Could you give back exactly the lines below from the one with "ingredients for Vegan" through the one with "Auguste Comte: All", without a single picture?

AVAILABLE DATA.
┄┄┄┄┄┄┄┄┄┄┄┄┄┄┄┄┄┄┄┄
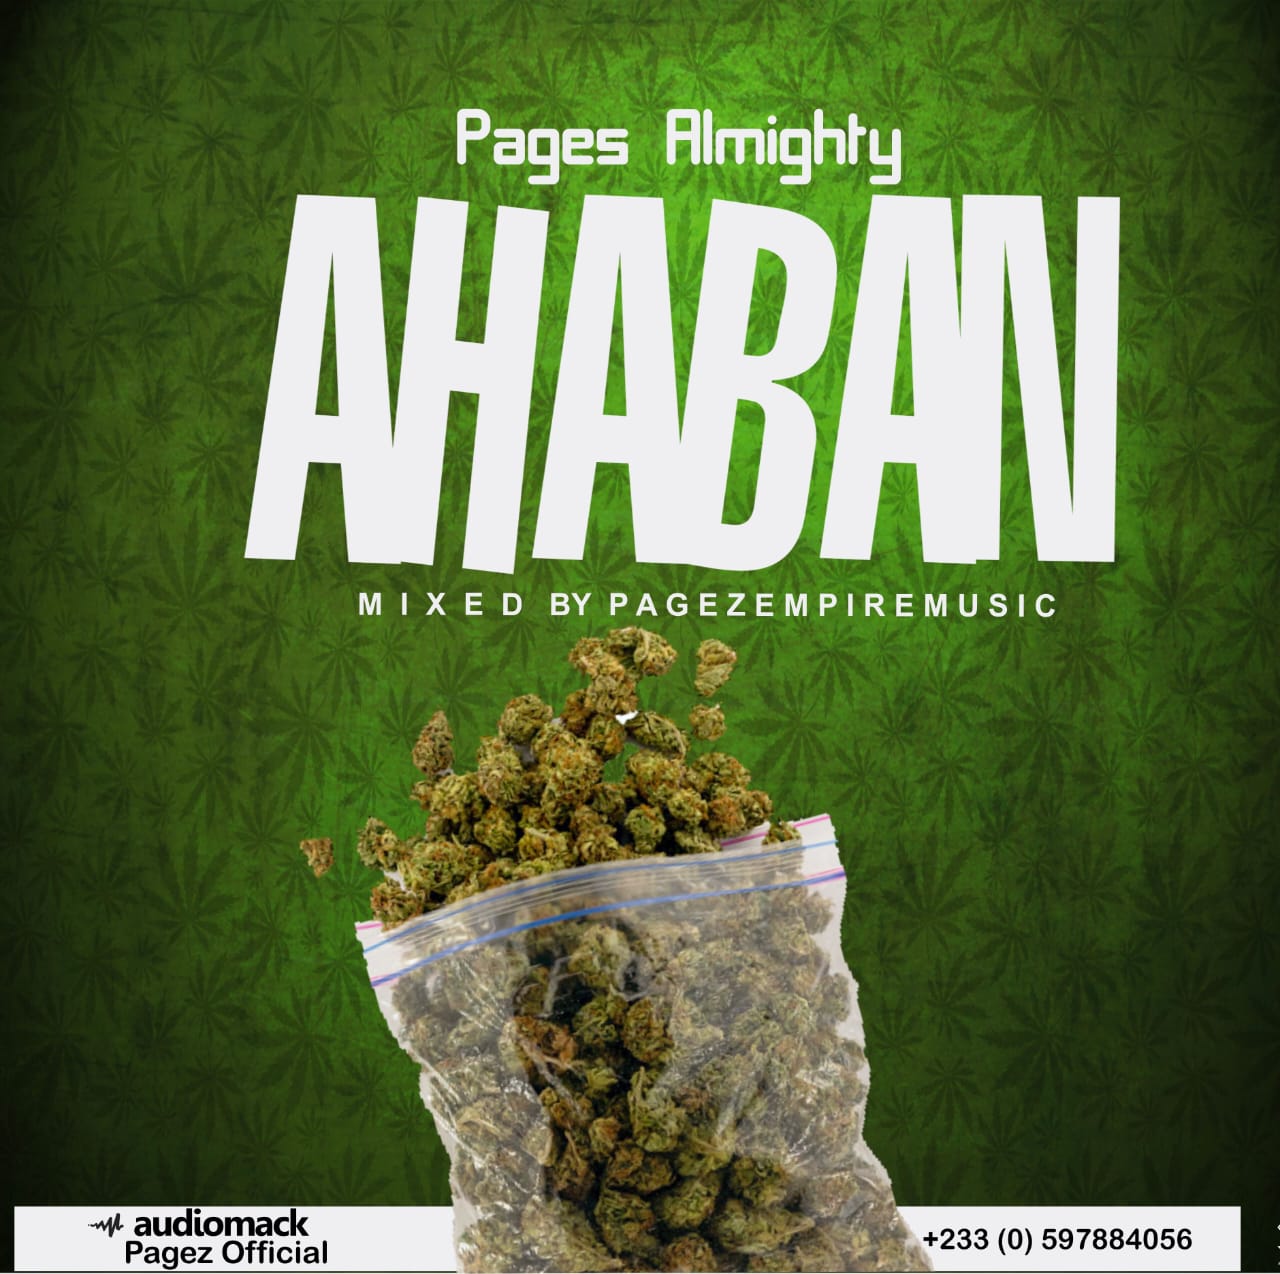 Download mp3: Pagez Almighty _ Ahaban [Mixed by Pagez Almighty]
┄┄┄┄┄┄┄┄┄┄┄┄┄┄┄┄┄┄┄┄
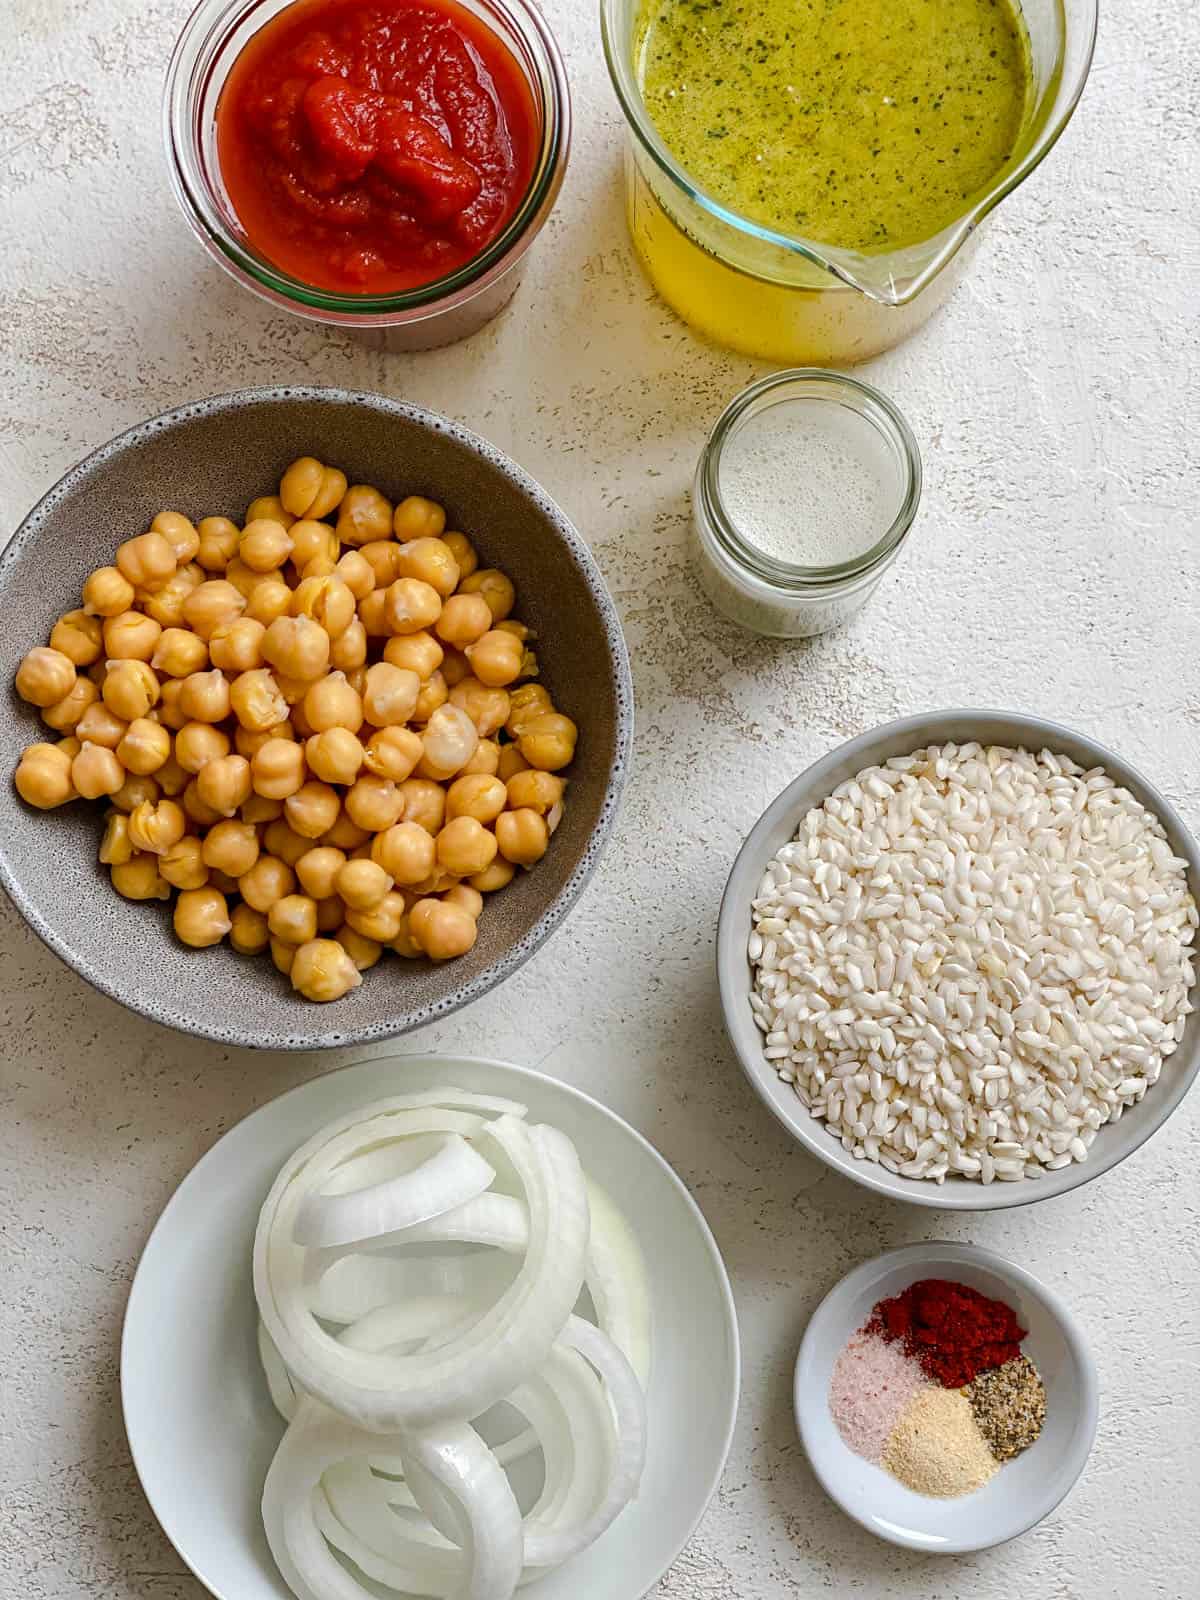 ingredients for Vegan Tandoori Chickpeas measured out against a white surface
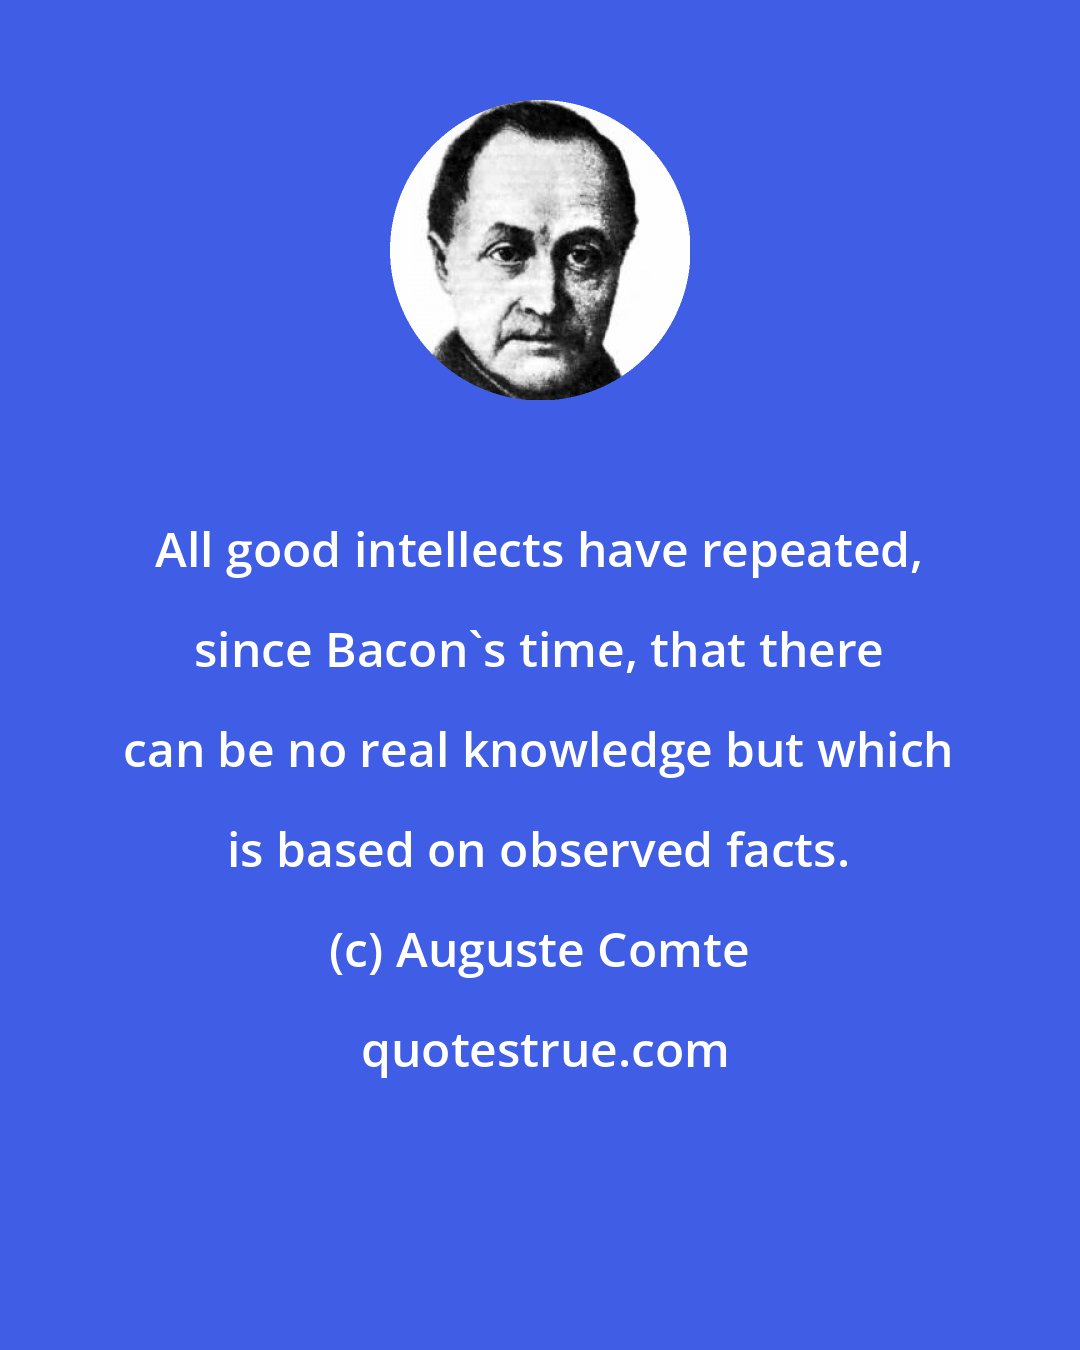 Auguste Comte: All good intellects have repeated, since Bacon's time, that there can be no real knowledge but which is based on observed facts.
┄┄┄┄┄┄┄┄┄┄┄┄┄┄┄┄┄┄┄┄
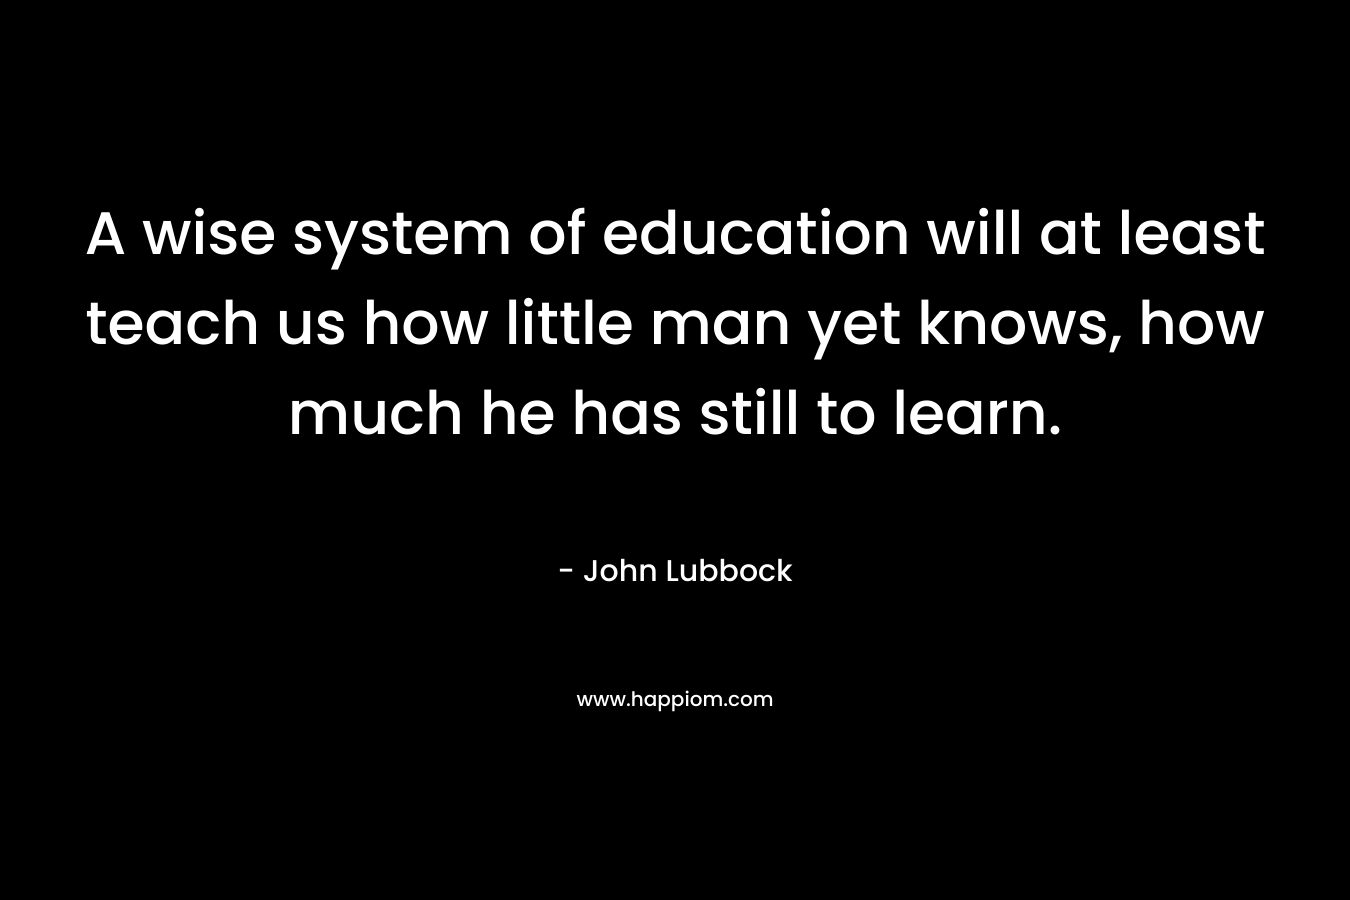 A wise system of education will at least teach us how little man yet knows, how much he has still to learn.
┄┄┄┄┄┄┄┄┄┄┄┄┄┄┄┄┄┄┄┄
SOLUTION TO THE EXERCISE.
 ingredients for Vegan Tandoori Chickpeas measured out against a white surface
 Auguste Comte: All good intellects have repeated, since Bacon's time, that there can be no real knowledge but which is based on observed facts.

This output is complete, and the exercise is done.